After the very enjoyable and entertaining party on Friday night, it seems that Your Lord once again succumbed to the demon brandy that he holds so dear. Late this afternoon, Lady P. visited the doctor for the results of a blood test that she underwent last week and, thankfully, she is in tip-top shape. The doctor then enquired as to Your Lord’s health.
Lady P. replied that, after being advised to telephone a counselling service at my last visit to the doctor, I had slowly slipped back into my old ways.
Lady P. quite rightly told our doctor that I had telephoned the ‘help centre’ to make an appointment in order to undertake counselling but was told by the person on the other end that I would be contacted within the next couple of weeks, owing to the fact that the person I needed to speak to was ‘on holiday’.
That was three weeks ago.
According to my good lady wife, the doctor then chuckled to himself and said ‘Oh, they are still playing that game, are they?’
It seems that many dependents, after admitting that they have developed a ‘habit’, will agree to making an appointment with a counsellor in order to obtain certain drugs from their GP which will make their withdrawal easier – and their evenings more relaxed in the company of Pink Floyd – and then discontinue with the counselling.
I initially attended our new surgery in order to register with a GP, have my ears syringed and be tested for high cholesterol but was subsequently summoned in order to be interrogated as to my drinking habits, to which I openly admitted are rather on the extravagant side.
After agreeing that I should indeed wave goodbye to my favourite tipple, it now seems that I must play a game to prove that I am serious in my quest to give up the booze.

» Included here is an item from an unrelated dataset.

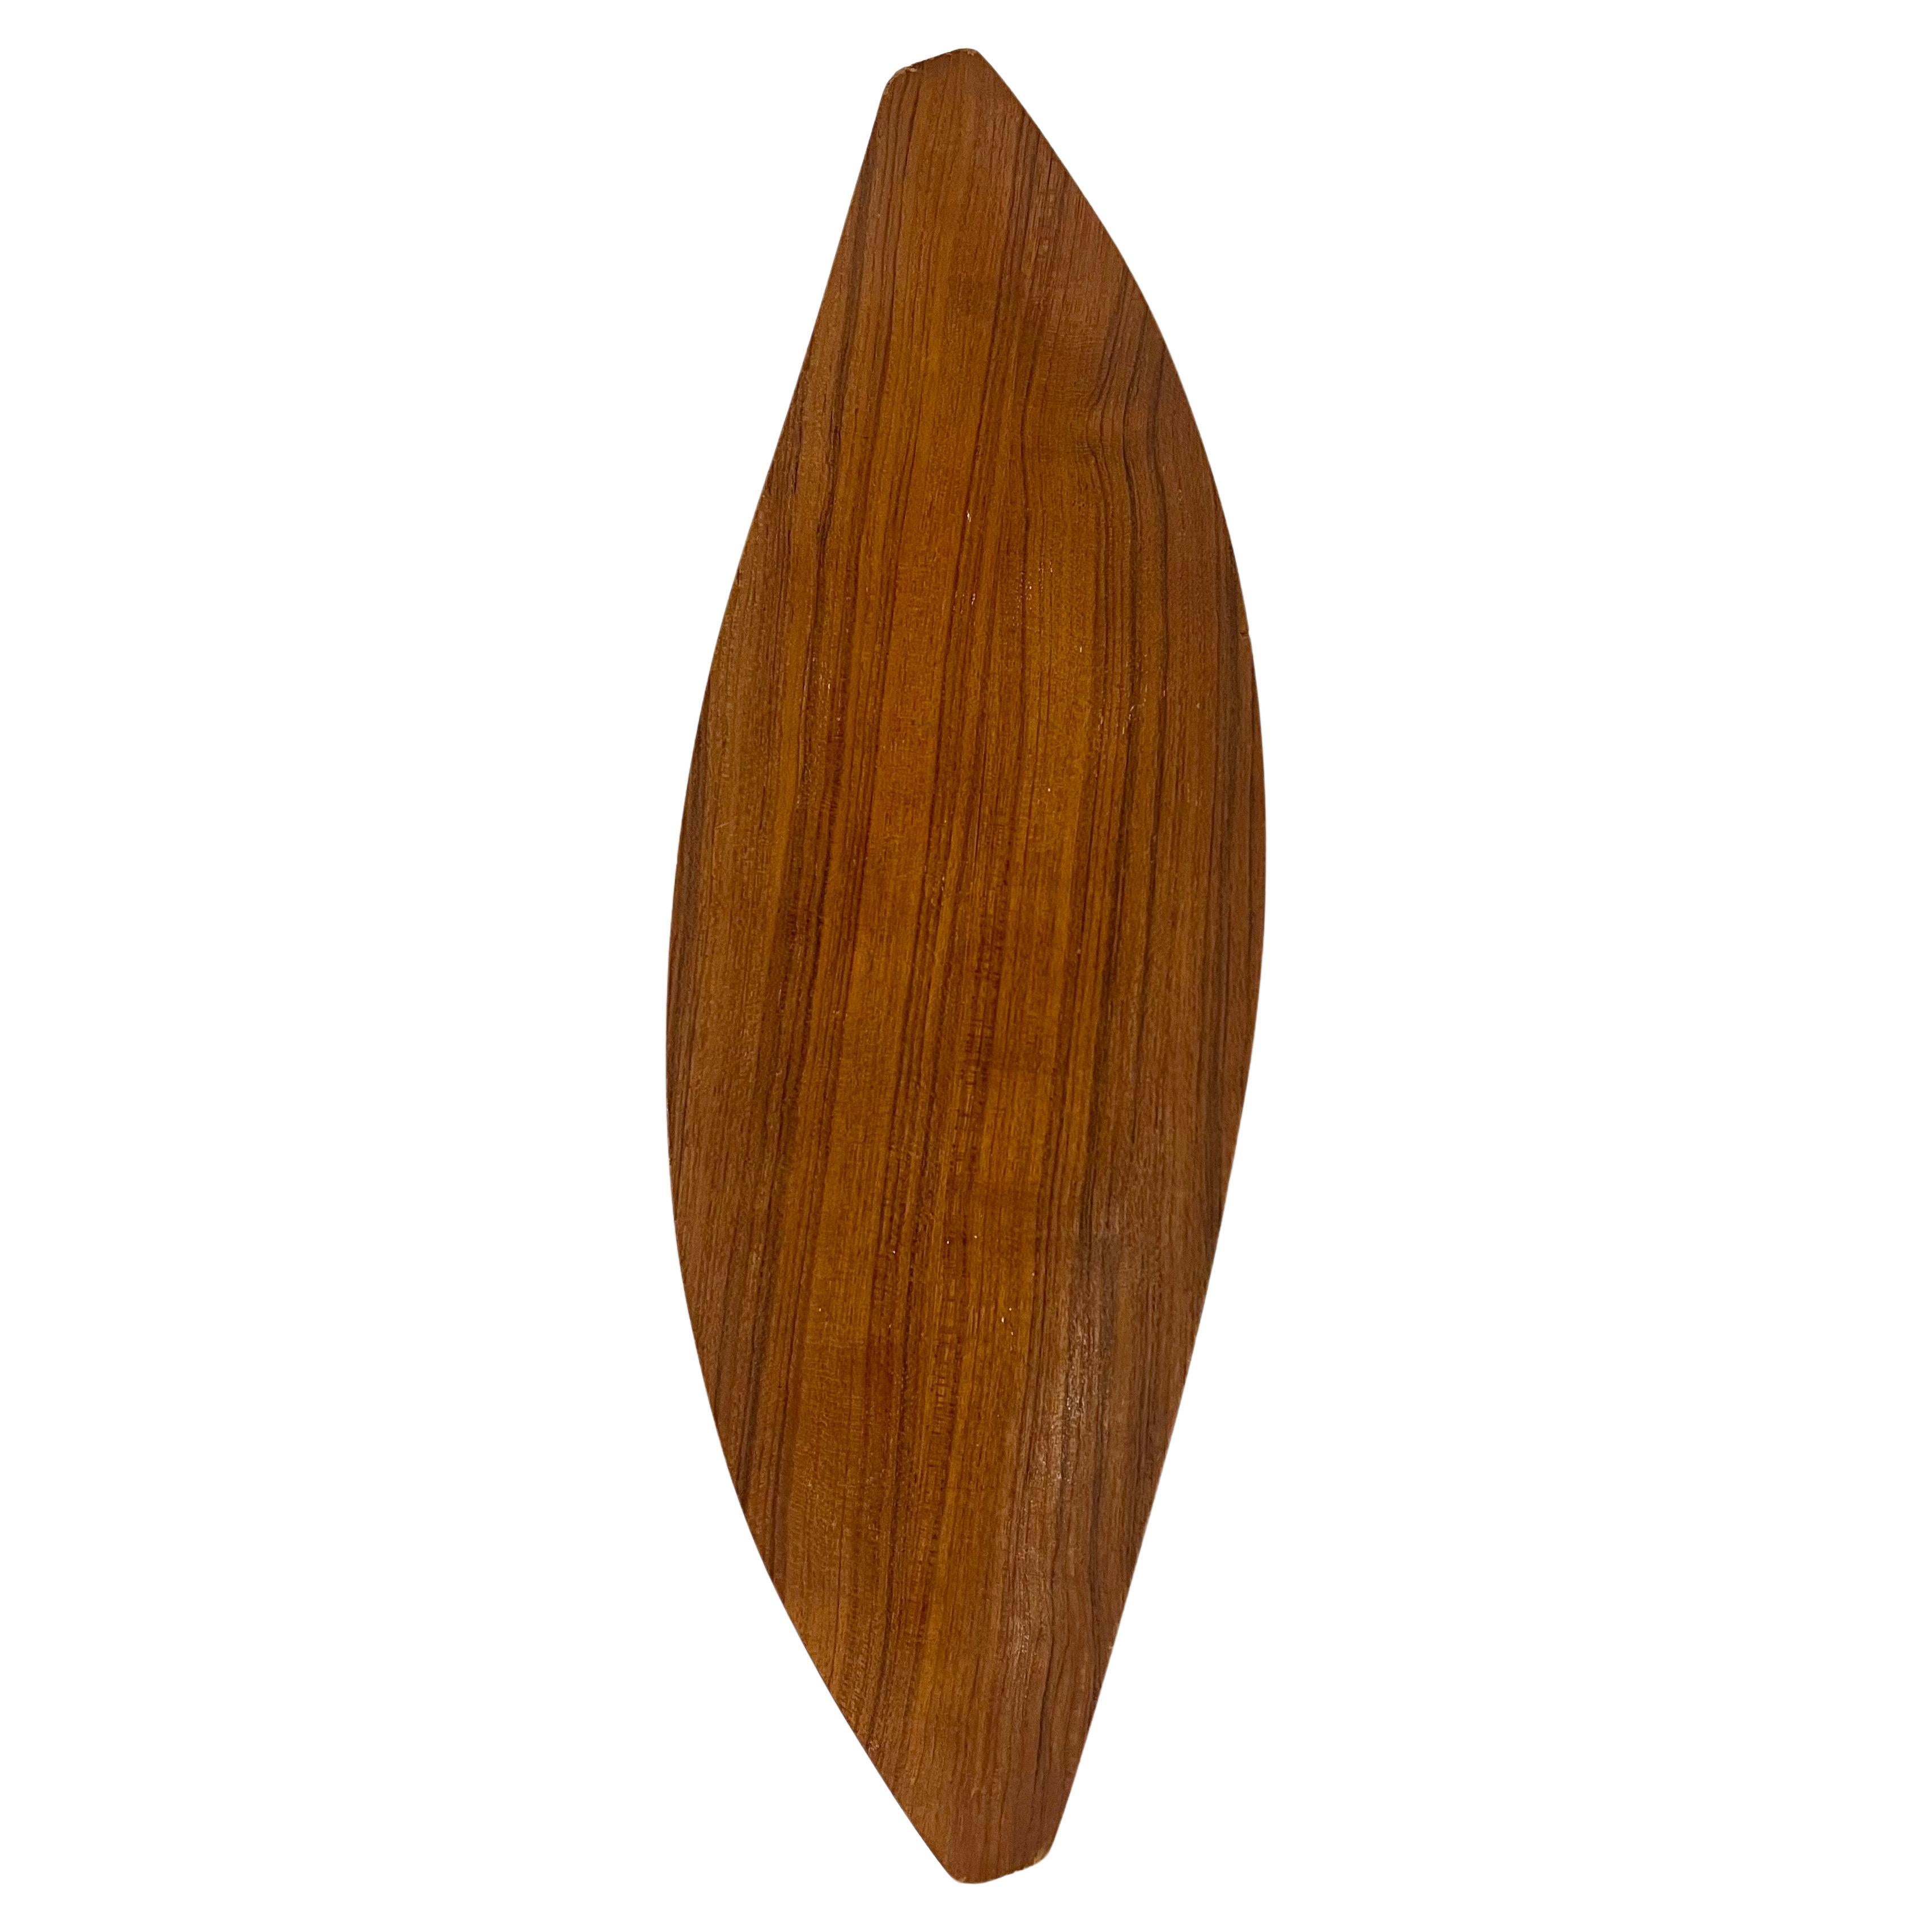 Japanese Mid Century freeform Molded Teak Tray by Shigemichi Aomine In Good Condition For Sale In San Diego, CA

As Lady P. was about to depart, the doctor handed her a leaflet with instructions to give it to her husband to read. Needless to say, said leaflet has been filed in the bin without perusal from my good self.
I suppose the point I am trying to make is that if one is willing to take advice about altering one’s lifestyle, it is only courteous that one’s advisors take seriously one’s effort to change, not laugh at one and treat it all as a ‘game’.
Your Lord suggests that the do-gooders keep their opinions to themselves and leave those that are happy to continue their way of life, albeit dancing with the devil, to do so.
After all, away from the Treasure Hunt, Your Lord stopped playing ‘games’ many years ago.
Cheers! I’ll see you on the Dark Side of the Moon.